# Good camera backpack meeting cabin requirements by most airlines?



## Ladislav (Mar 24, 2015)

I currently have two camera backpacks. The first one is a small backpack for camera with regular lens and one telephoto or two additional regular lenses. The second one is Vanguard Up-rise 48. It can carry all my equipment, laptop, tripod and more but it is too big to be used as a cabin luggage by all airlines I checked. 

Most airlines I checked require max width to be either 23 cm or 25 cm (stripes included). I'm looking for some backpack meeting airlines requirements for cabin luggage which is able to carry all the stuff I have (should be even bit more because I would like to add 35 or 50 fast prime in the future), iPad or even better 13" laptop, with holder for tripod and if possible also side pocket for a bottle.
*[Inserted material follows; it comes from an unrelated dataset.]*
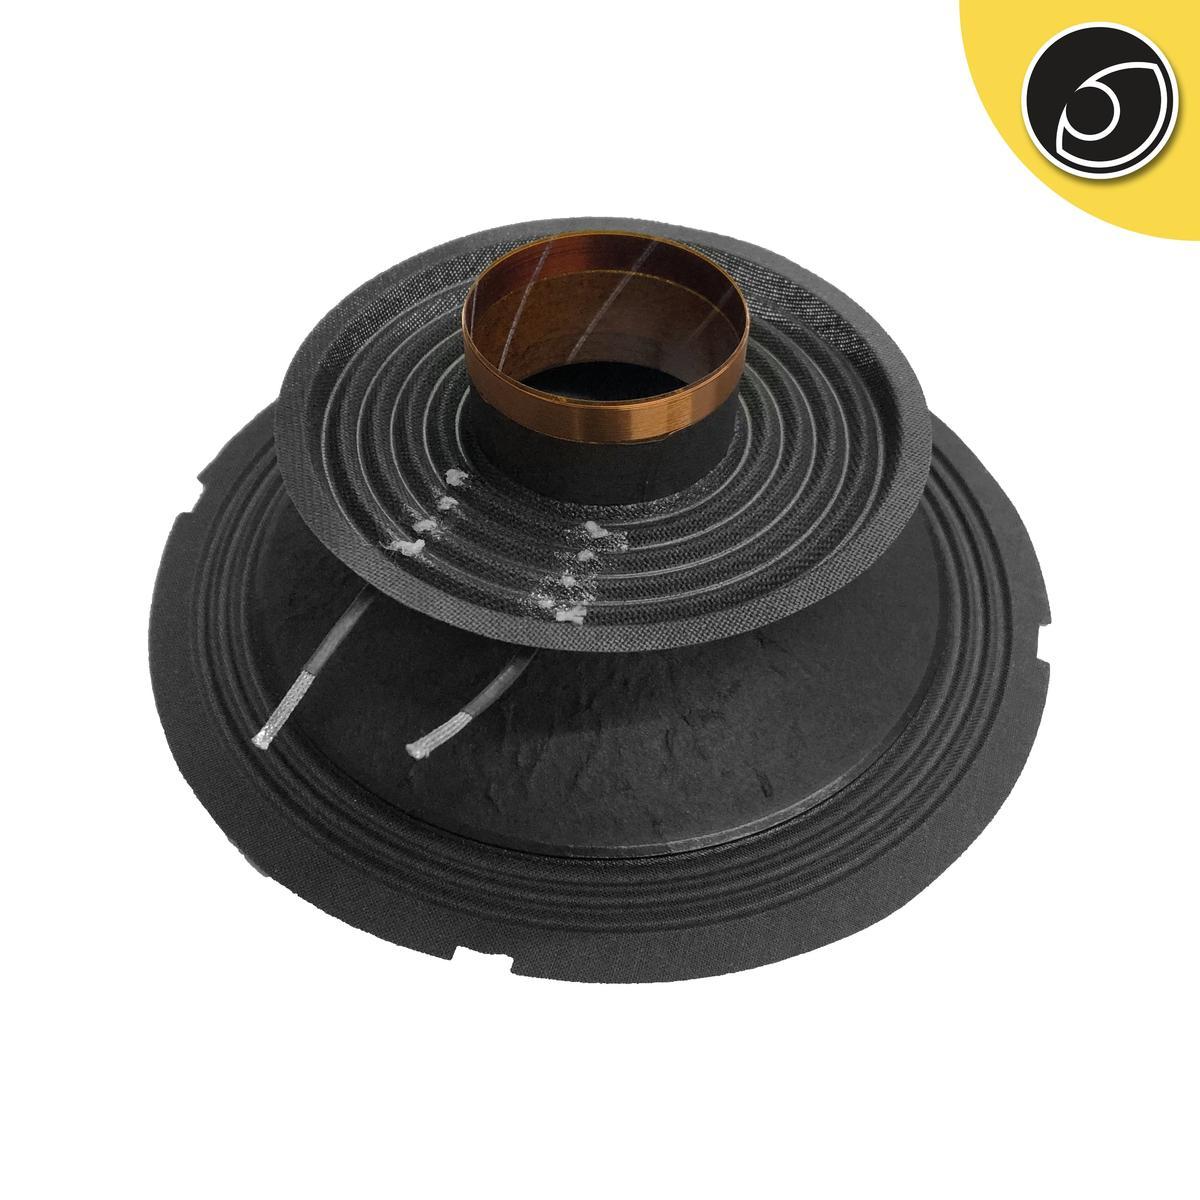 Bassface SPL8M.2NEO 8 Inch 20cm Neodymium Midrange Recone Kit 1x4 Ohm SVC

I also don't have time to wait for delivery from outside of UK

I checked Kata / Manfrotto Minibee 110 and 120 and I like them but they both seems to be wider (and bit expensive). 

What bags are you guys using when traveling by planes? Did you have any problems with any particular worldwide or European airlines? I don't want to end up with my camera bag checked in as a hold luggage.


----------



## neuroanatomist (Mar 24, 2015)

I carry a 1D X and 4 lenses (24-70/2.8, 70-300L, TS-E 24 and 17, formerly the 16-35/2.8 instead of the 17) in a Lowepro Flipside 300. There's room for a flash, too. That will fit under seat or overhead. Personally, I put that whole bag inside a Pelican Storm im2500 hard case (carry on size) just in case I'm forced to check it.


----------



## curby (Apr 1, 2015)

Just a side thought: international flights (I've flown on Cathay Pacific and Virgin Australia recently) can have quite strict limits (7kg/15lb) on carry-on bags that are quickly reached before size limits if your bag is carrying camera gear. 
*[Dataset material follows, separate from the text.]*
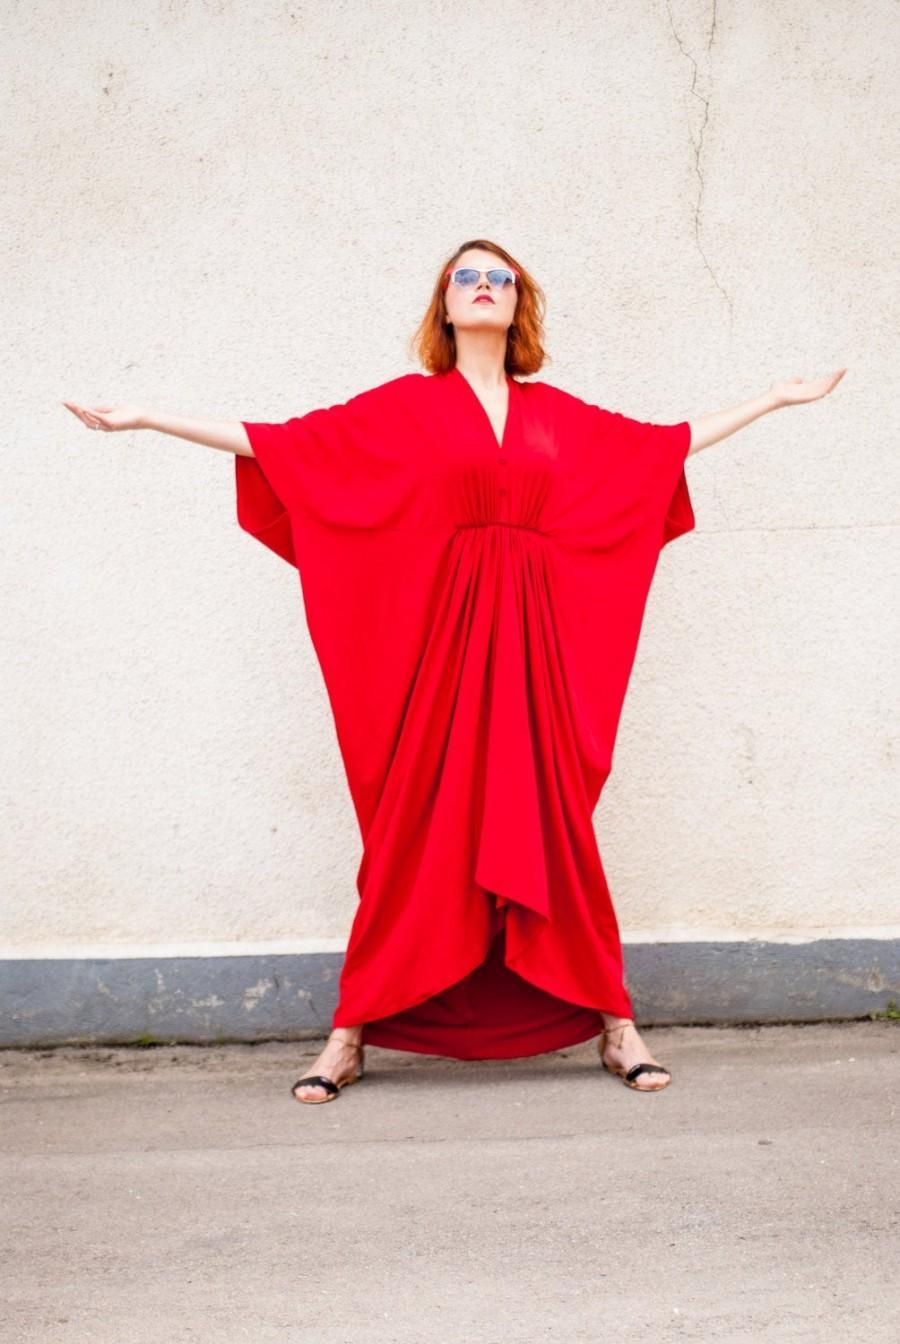 زفاف - Kimono Summer Dress Women Maxi Wrap Dress Plus Size Work Dress TDK26 Evening Gown Maternity Breastfeed Dress for 3XL Formal Long Dress

If you go backwards and consider weight issues, finding a compact bag to hold ~5kg of lenses and electronics shouldn't be all that hard. However, due to your location and time restrictions, it's hard to make specific recommendations as I don't know what's available to you. Personally I'm considering buying the F-Stop Kenti within the next few weeks, but they ship out of the US AFAIK.


----------